▶ [What the exercise asks]: What is needed is an exact copy of the lines from the line holding "how to say happy" through the end of the material, with no other lines and no pictures.

▶ [Dataset content]:
Content starts

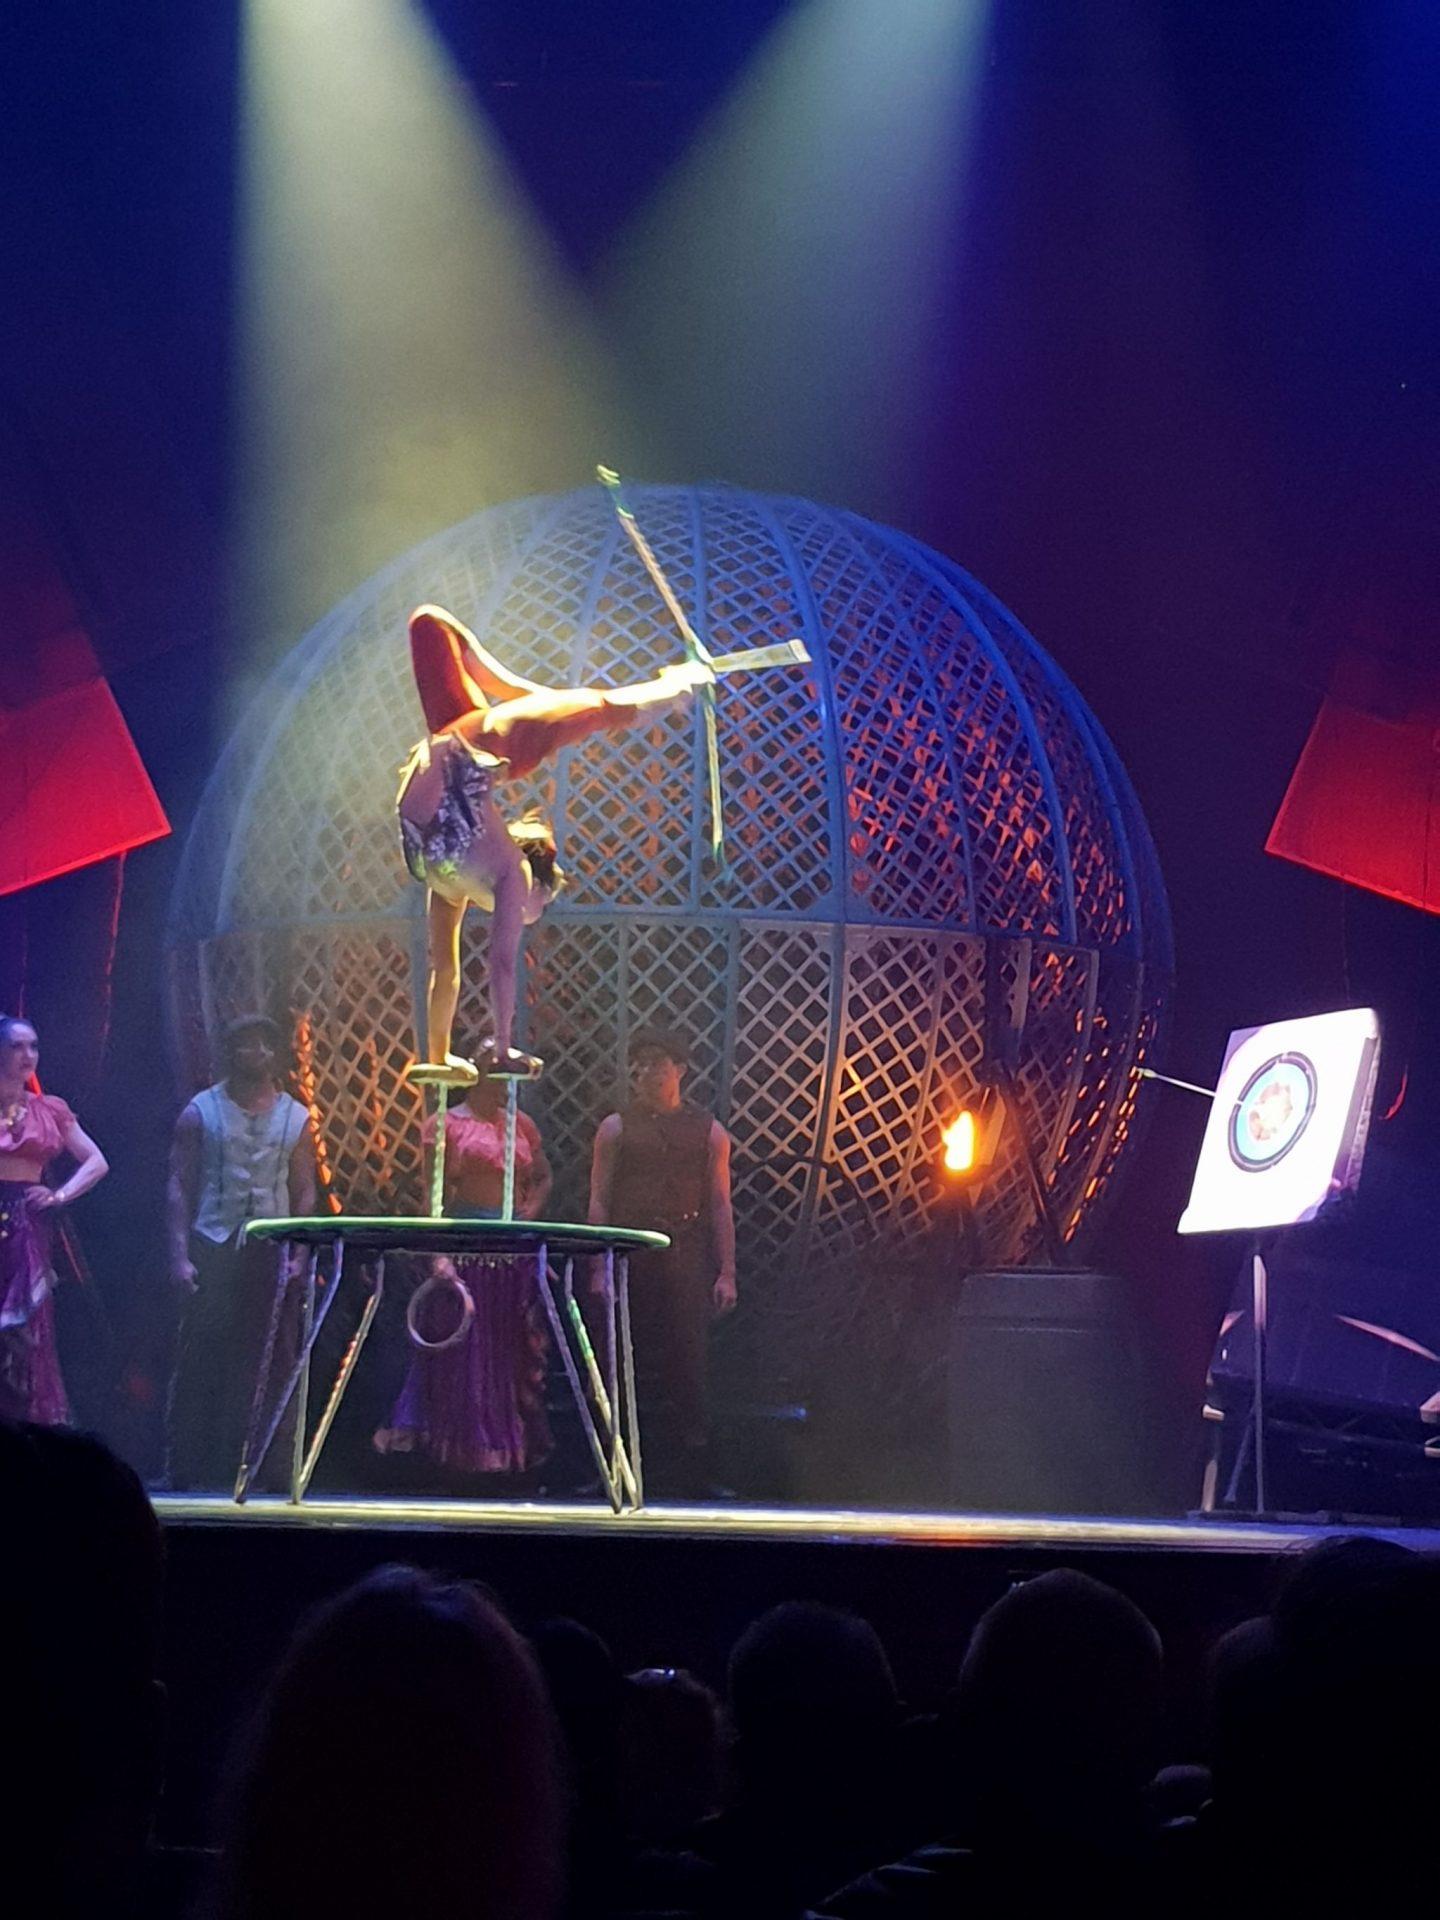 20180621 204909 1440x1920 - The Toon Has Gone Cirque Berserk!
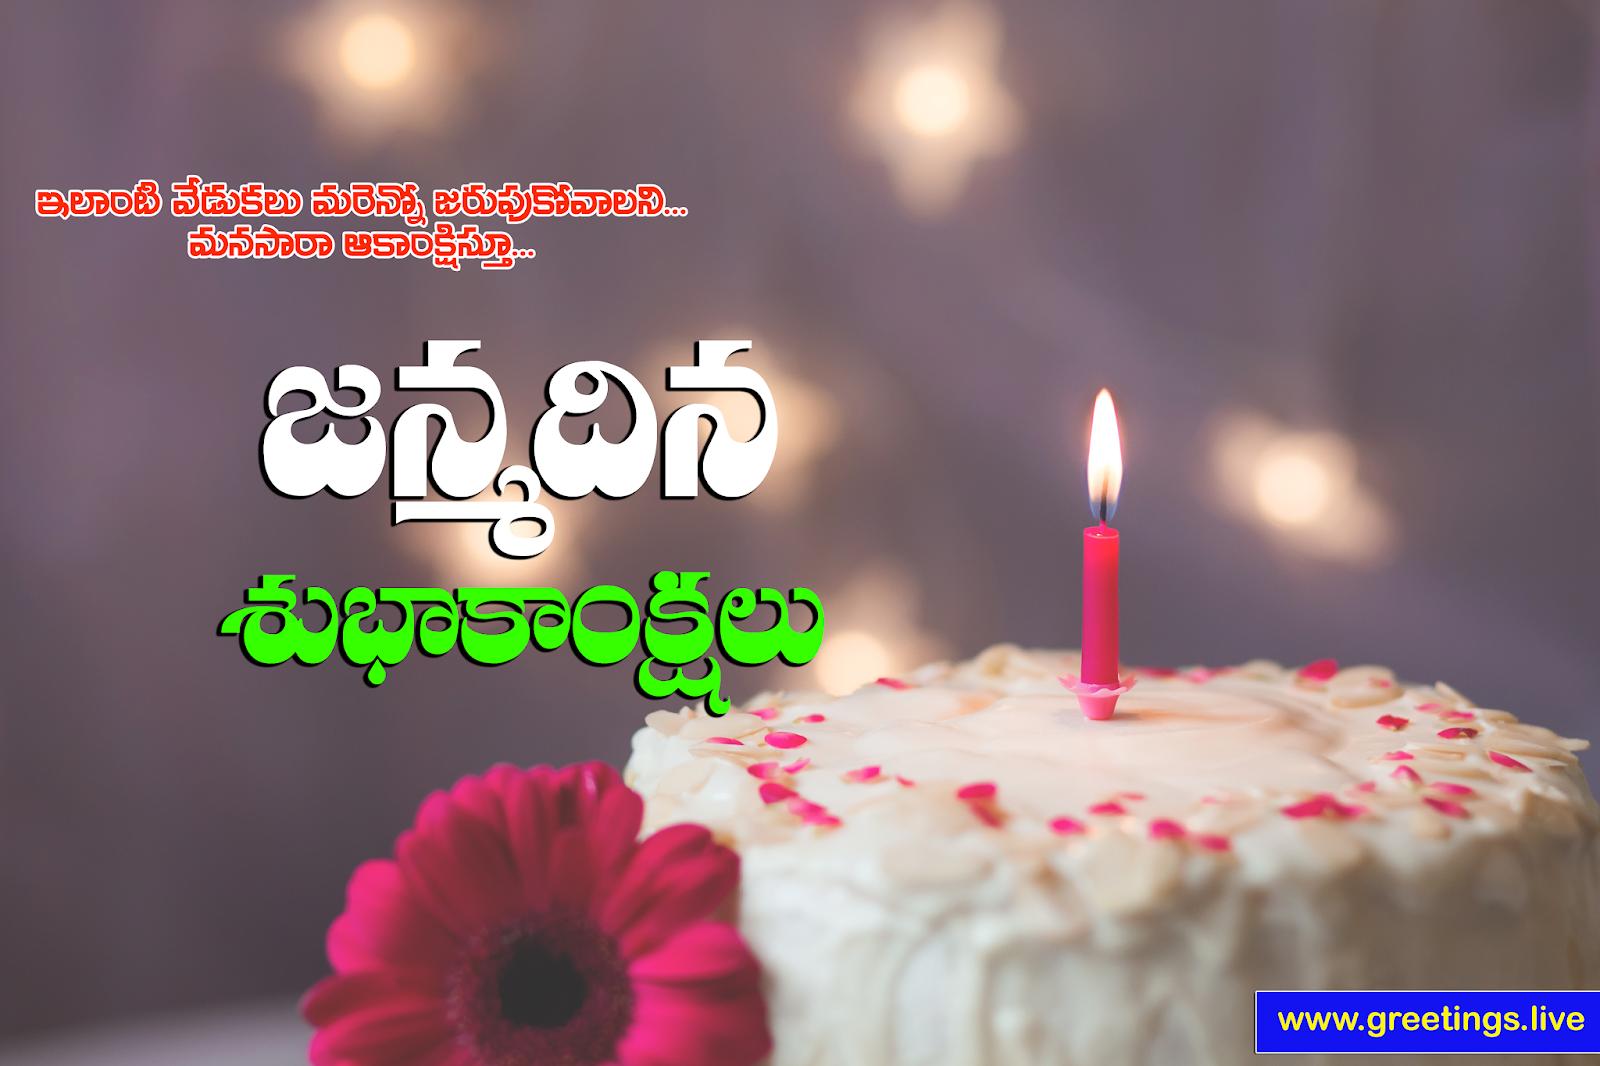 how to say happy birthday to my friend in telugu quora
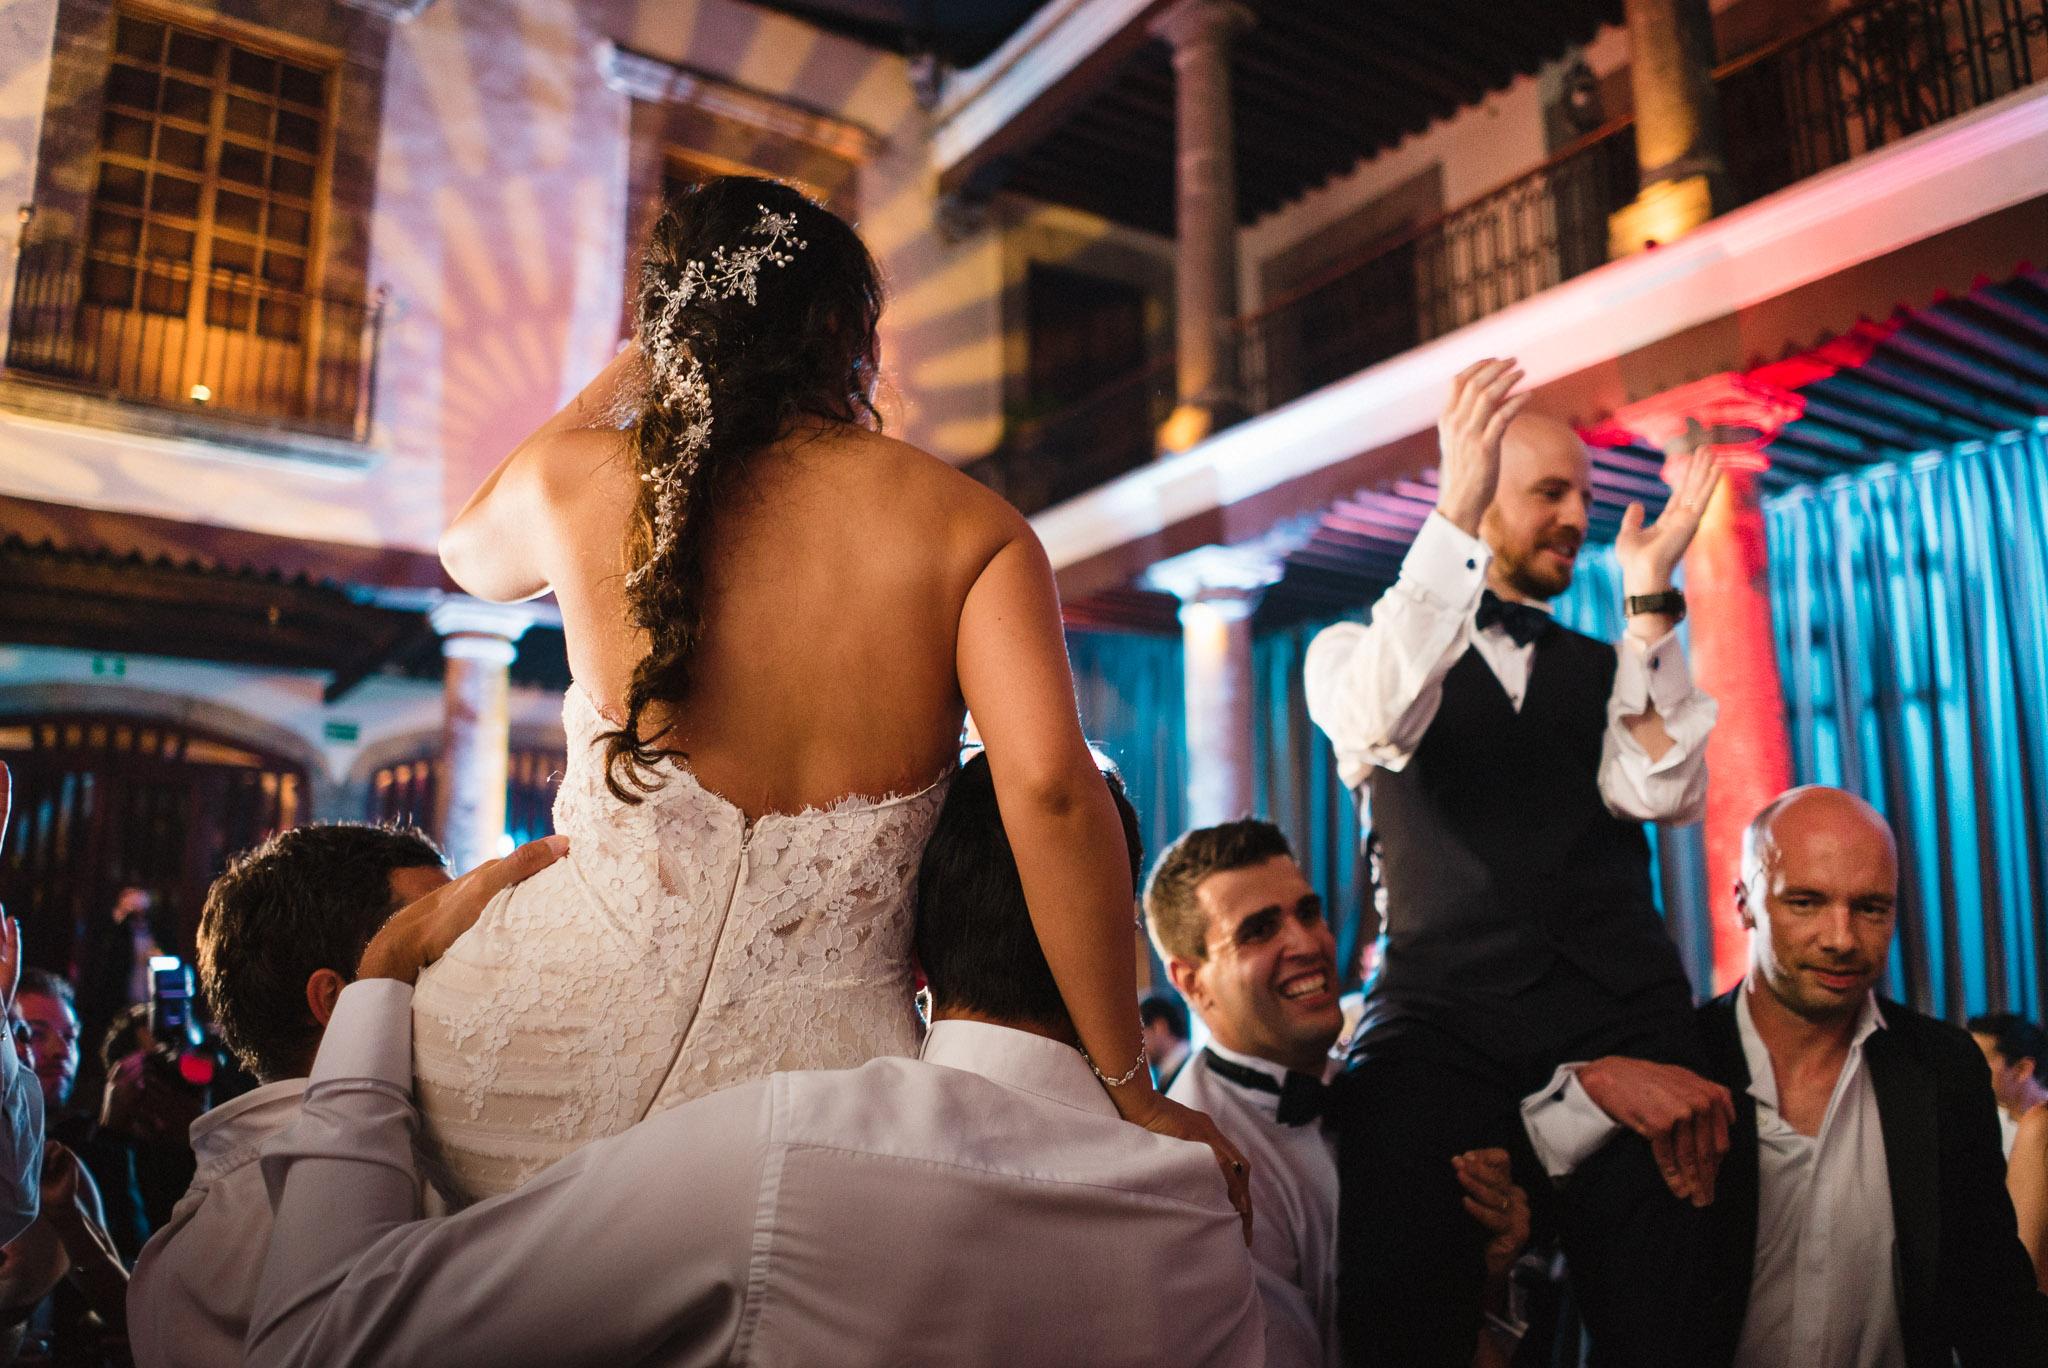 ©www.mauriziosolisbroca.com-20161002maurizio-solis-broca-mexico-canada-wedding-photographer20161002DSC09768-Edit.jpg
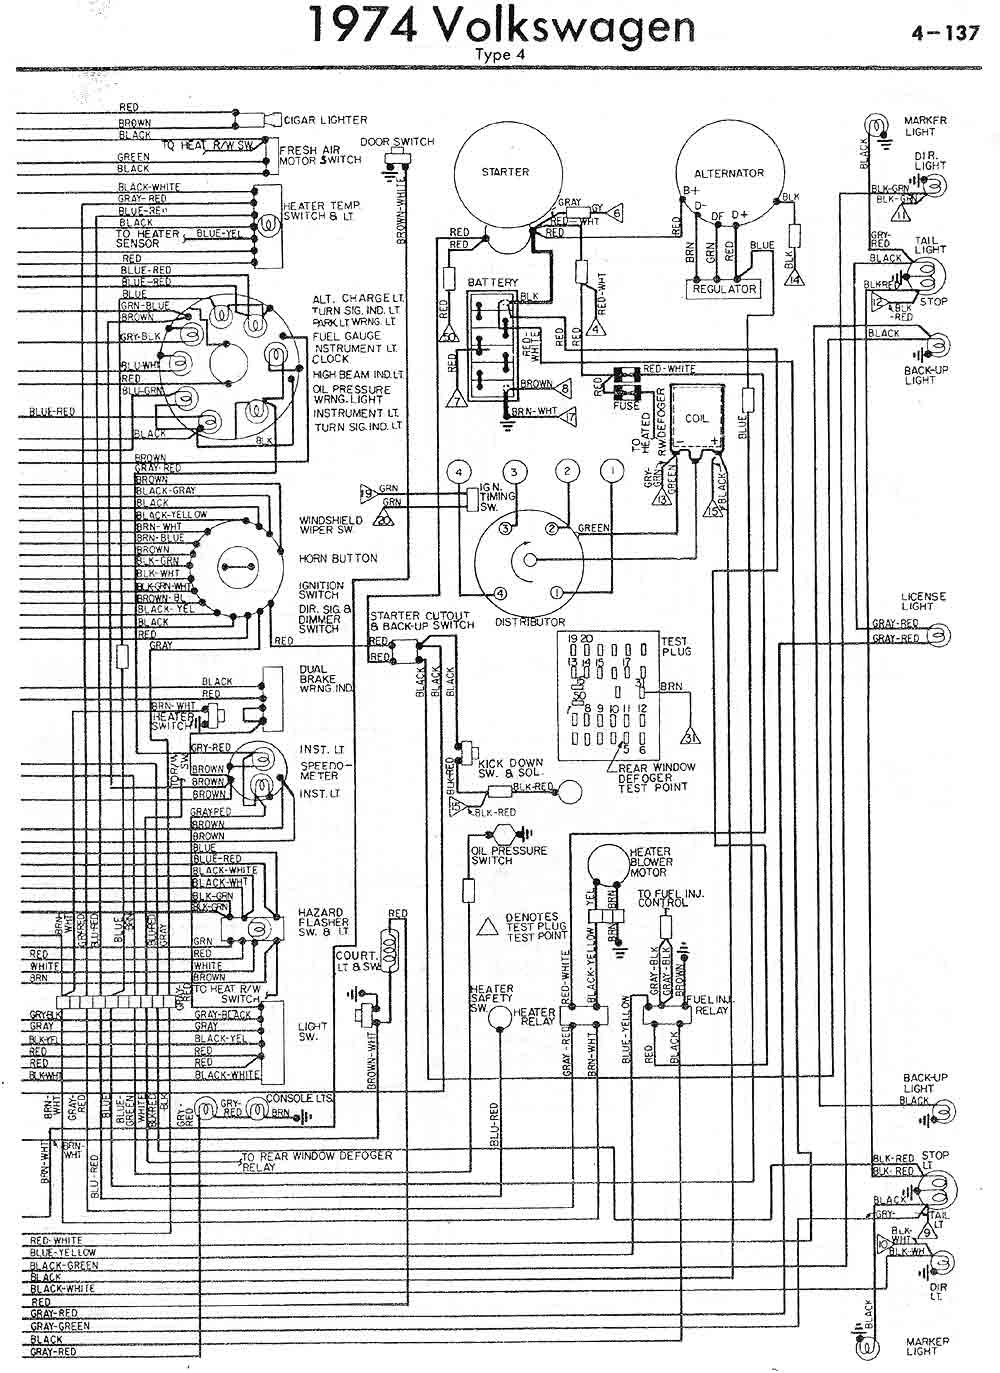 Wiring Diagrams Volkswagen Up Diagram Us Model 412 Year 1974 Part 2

Content ends

▶ [Answer box]:
 how to say happy birthday to my friend in telugu quora
 ©www.mauriziosolisbroca.com-20161002maurizio-solis-broca-mexico-canada-wedding-photographer20161002DSC09768-Edit.jpg
 Wiring Diagrams Volkswagen Up Diagram Us Model 412 Year 1974 Part 2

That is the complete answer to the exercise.